Are We Contributing to Our Pain?

The importance of choosing appropriate equipment for any athletic pursuit is of utmost importance in preventing pain and dysfunction.

Whether activity involves a 30 minute walk in the park with your dog or a highly competitive game of tennis, choosing the correct equipment can be the difference between pain or gain.

Equipment may range from simple footwear to more complex racquets or sticks; to expensive and highly sophisticated items such as bicycles and motor vehicles.

Three major pieces of equipment play a major role in the development of sports injuries – footwear, racquets and bicycles.
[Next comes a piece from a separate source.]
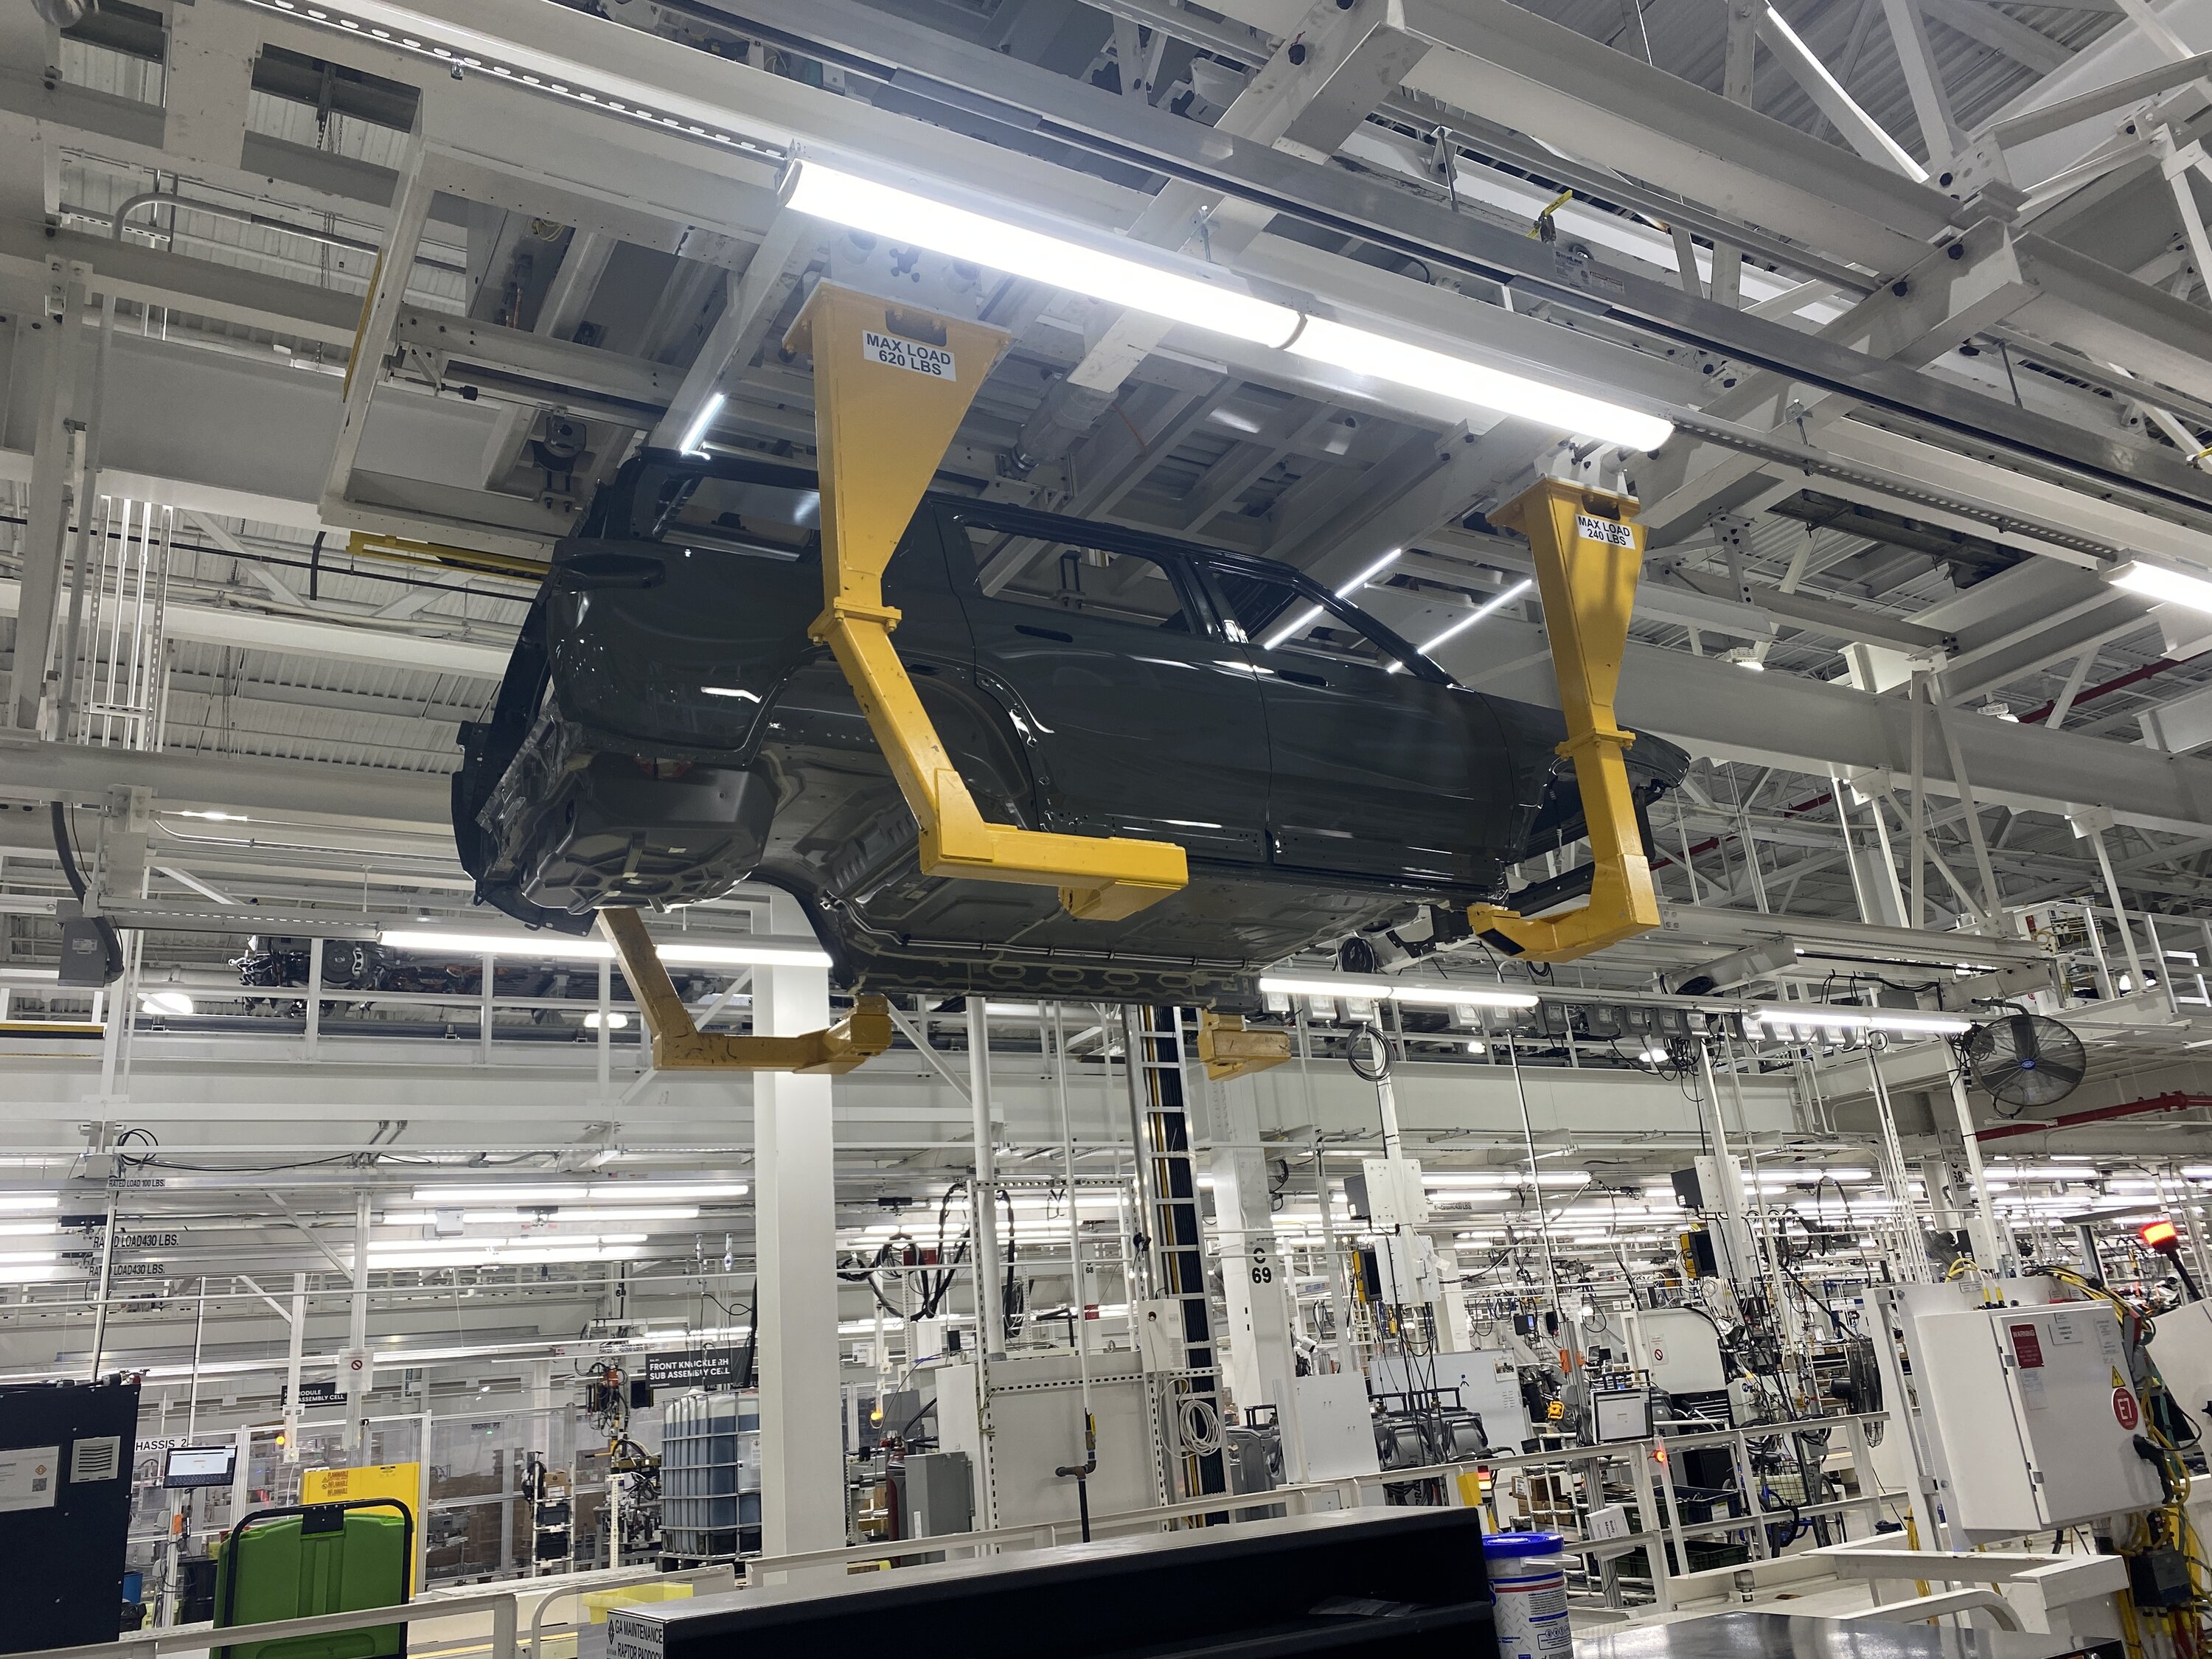 Rivian R1T R1S Rivian Holiday Family Day - Our self guided tour of the factory floor (Photos) 4F92DD30-5B7D-46B7-B61A-835AD7526871

Over the past two decades running shoes have become increasingly more complex and specialised.   The assessment of foot type and function is imperative in deciding the most suitable shoe.  They must fit correctly and the laces must be firm enough for motion control.  Running shoes need to be changed every 1,000 km which is approximately every 6 – 9 months for runners and 12 months for walkers.

The constructions of many types of football boots provide inadequate support for the lower limb.  They should be of adequate depth in the upper, have a rigid heel counter, sufficient forefoot flexibility and have a wide sole with ‘cleats’ placed to allow forefoot flexibility.  Netball and tennis shoes require support for sideways movement.  Wearing running shoes for these sports may lead to ankle sprains, while wearing tennis or netball shoes for running may lead to problems such as ‘shin splints’.

Racquets are used in sports such as tennis, squash, badminton and table tennis.  The choice of a tennis racquet may be a contributing factor to ‘tennis elbow’.  Things that need to be considered include string tension, flexibility of the racquet, size of head, weight and grip size.

Overuse injuries in cycling may be associated with incorrect bike set up.  Seat height, saddle position, handlebar position, pedal resistance and peddling technique if incorrect may contribute to musculoskeletal pain such as neck and back pain, shoulder and wrist pain and knee pain to name a few.

When choosing any piece of equipment you need to get correct advice from a professional to avoid unnecessary pain and injury.